Studying at the University of Toronto at Scarborough causes Malinga to be even more fearful about coming out. He finds very little support on campus where he studies English. In March of 2008, bulletin boards with postings from the Lesbian, Gay, Transgendered and Queer Student Club were burned and the glass casing smashed. Malinga says he plans to fully reveal his sexuality when he feels the time is right.
                                                          
The thin young man is about five foot five with carefully styled black hair that gives him an extra inch or two. Some of his friends compare him to Sanjaya Malakar who competed in Season 6 of the popular reality TV show, American Idol. Malakar became popular for his fancy hairstyles.

Malinga’s family first moved to Canada in 1986 from Malaysia. Malinga first heard the offensive phrase, ‘That’s so gay’, in high school, in 2001.

“I was first taken aback because I mistook what they [schoolmates] meant,” Malinga says. “Now, I simply feel that those types of phrases are indicators of immaturity and lack of respect. I feel it helps to promote an unconscious resentment to anything non-heterosexual.”

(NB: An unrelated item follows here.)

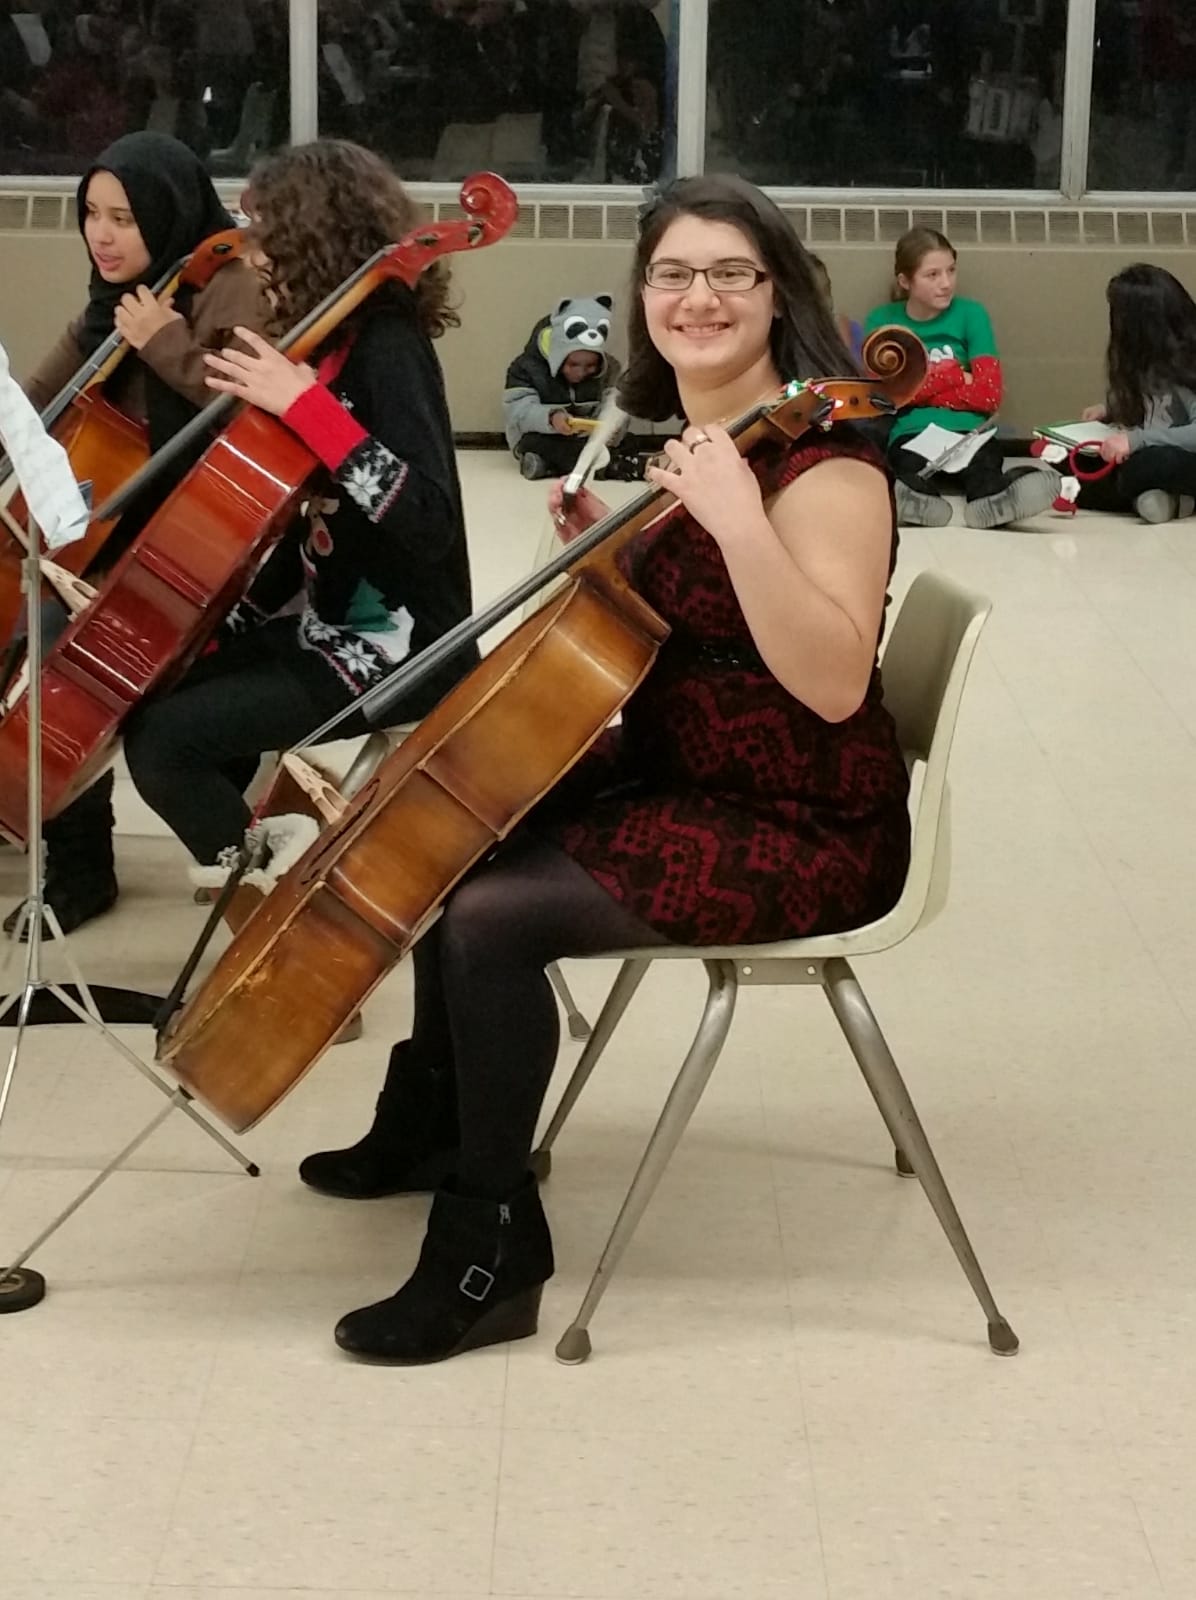 Angela sitting with her cello

Sara Resler, 24, and Kate Spain, 18, were so fed up with people using the expression to describe something stupid that they came together to help create and monitor a Facebook group called The word ‘gay’ is not a synonym for ‘stupid’. It has 120, 895 members and growing. Resler is a college student in Spain and Spain is a high school student in Toronto, Canada, but the far-reaching effects of a derogatory phrase have brought them together on Facebook because of a common goal.

“The goal of the group is to make people aware that what they're saying is offensive and hurtful to some people,” Resler says. “It's working because there are a lot of people who come in here and tell us that they've stopped saying it, or that they didn't know it was offensive.”

Spain says she uses humour to get her message across.

“I start off by saying something like, ‘Really? Your shirt is gay? To be honest, I didn't even know it had reproductive organs, let alone a sexual orientation.’ The people who say ‘That's not what I mean’ do get what I mean.”

A lot has been said about the different meanings of the word gay.

“The slang meaning of gay meaning ‘queer’ had a tough time entering the language, and the ‘stupid’ meaning is also meeting with resistance,” Smyth says. “The word gay played upon its earlier meaning of ‘happy’, expressing pride in the fact that being gay, like being straight, can be a joyful existence.  Those who would prefer to suppress queers and deny us human rights weren't too pleased.”

*(Lasith Malinga is a fictional name used to conceal the source's identity as requested.)